皇帝都说了是大捷,那么随行众人自然也纷纷祝贺,有的很趁机要给宋朝阳请功,而萧统自然也连连表态,要给宋朝阳以封赏。

接下来地事情,自然就是安营扎寨了,北面的军情既然已经明了,时机还没有到萧统先前评估的状态,自己带的这支军队也就没有投入的必要,加上萧统毕竟是皇帝,还是秘密亲征,不便昼夜兼程,因此也就安下了营寨。

刚一进帐,萧统马上把高升给招了进来。

“仲谋,你看看吧,看完了马上归档。”萧统轻轻把竹管递给了高升,自己则找来了地图,平铺在御几上。

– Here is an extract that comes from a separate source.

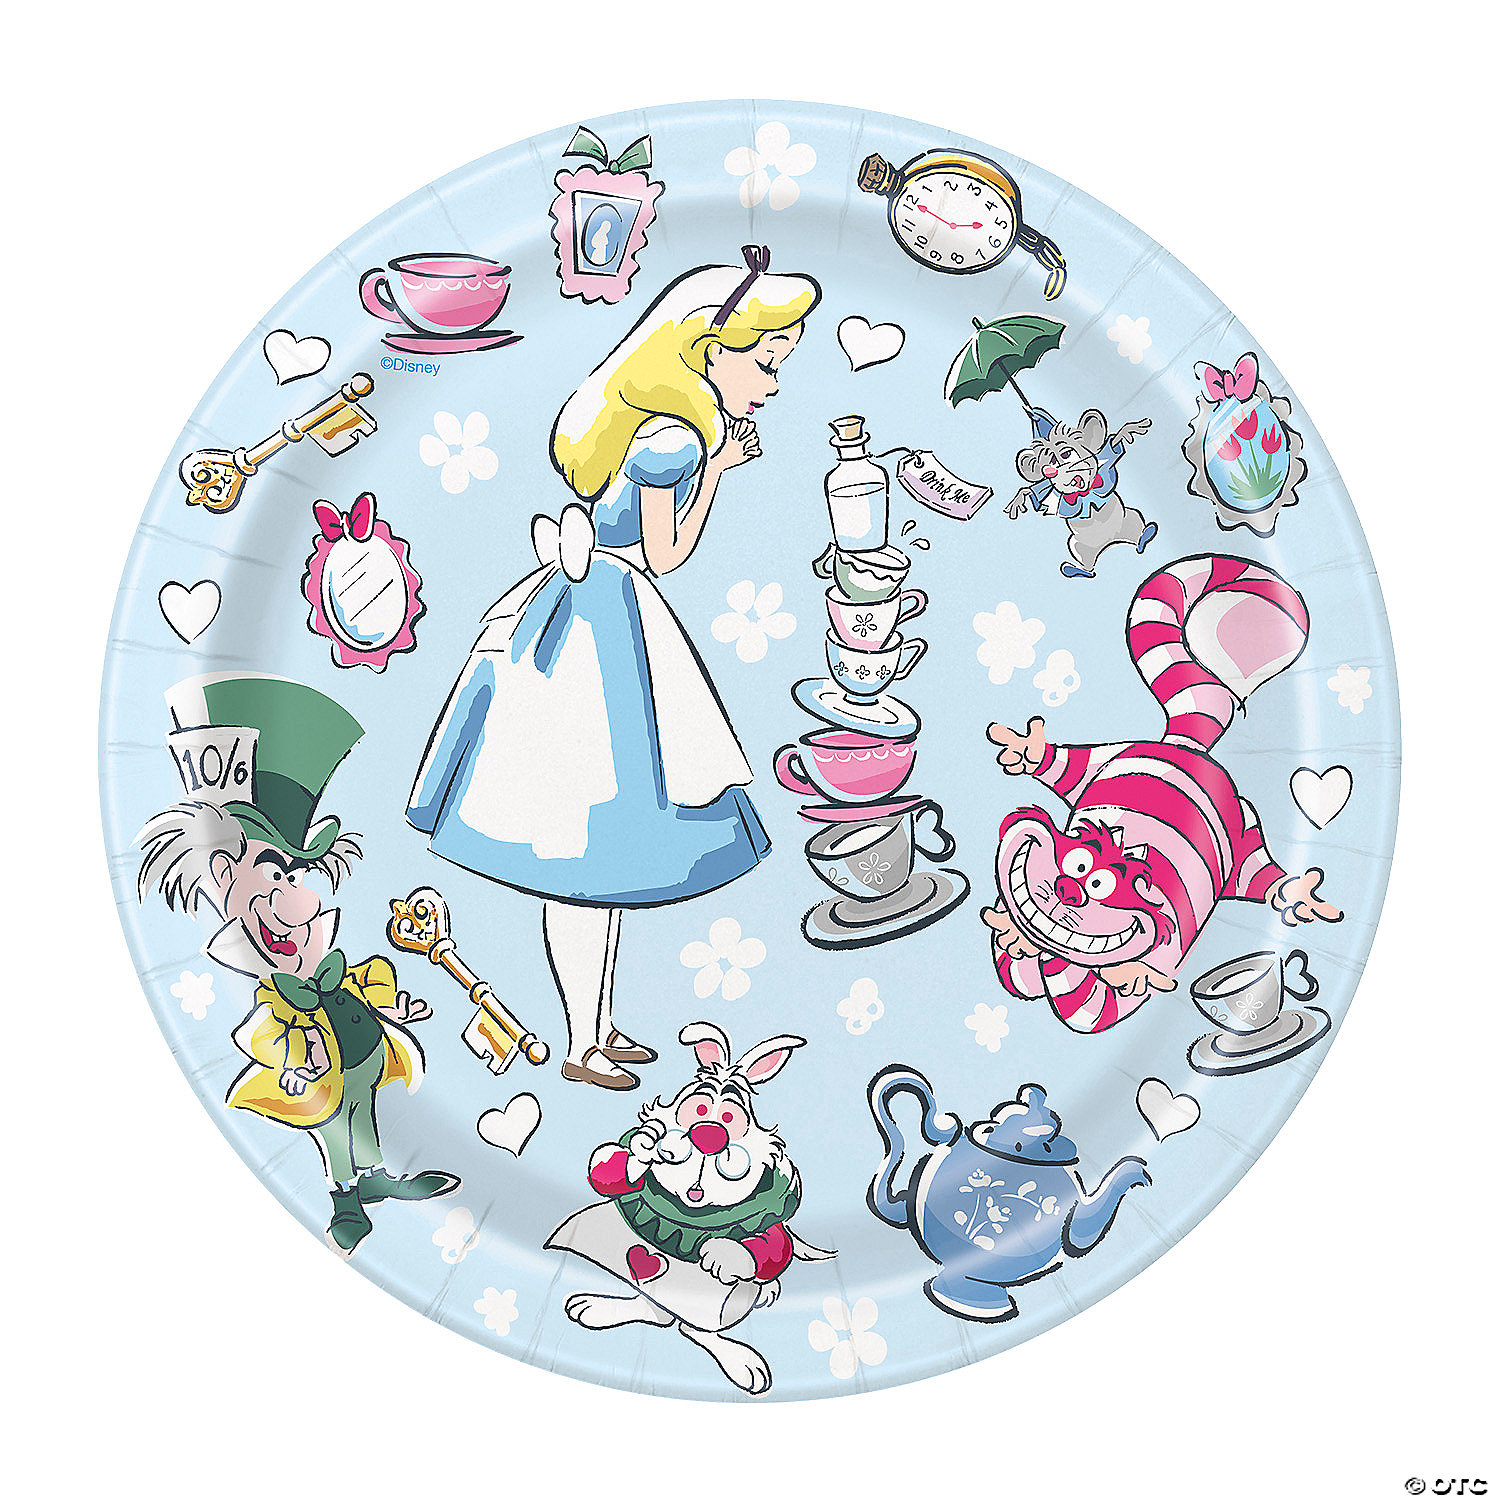 Disney Alice in Wonderland Plate Cute set of 5 pieces Rare Boxed Japan F/S New

“陛下……这,这怎么……”高升一时有些错愕,萧统马上喝道:“轻声!”

见高升点头,萧统才轻轻说道:“仲谋,你心知即可,知道朕招你来做甚么?”

“愿陛下明示。”

“你看,这里,是安庆。”萧统指了指地图,“如今阿术大军南下,但是朕料定不单单是阿术,阿里海牙也不会闲着,安庆有了宋朝阳,朕还需要你,也到那里去!”

第九十二章 血战到底(6)

“愿为陛下效死命!”高升慨然说道,说起来,这也是銮驾回陆以来,自己头一次有机会独当一面,自然高升心里很是兴奋。

萧统却没有顾的那些虚的,直接指着地图说,“安庆城高池深,遽不当虑,朕所虑者,其一,京口,其二,采石也!”说罢单拳用力一砸,神色凝重。

京口曾为东吴都城,孙权曾肇基于此,号为京城,迁都建邺后,立为京口镇。自此以后,立国于东南者,均以京口为重镇。东晋时,郗鉴经营京口以挫苏峻之乱,遂建为雄镇,号称北府,与西府历阳、南州姑孰一起拱卫京师建康。桓温专擅朝政,视京口为眼中钉,曾谓“京口酒可饮,兵可用。”其帐下谋士郗超会其意,暗示其父郗将京口让给了桓温。谢玄在淝水挫败前秦苻坚大军,依*的主要是京口的北府兵。桓玄自荆州东下,朝廷本欲倚北府兵以拒桓全,但北府将刘牢之举兵降附桓玄,桓玄遂入建康。桓玄代晋,刘裕、刘毅等据京口起兵反玄,因以灭玄。刘裕代晋后,有鉴于京口的战略地位,曾遗诏“京口要地,去都邑密迩,自非宗室近戚,不得居之”终刘宋一朝,无论是在对北敌的战争中,还是在内部政治斗争中,京口的地位都是举足轻重。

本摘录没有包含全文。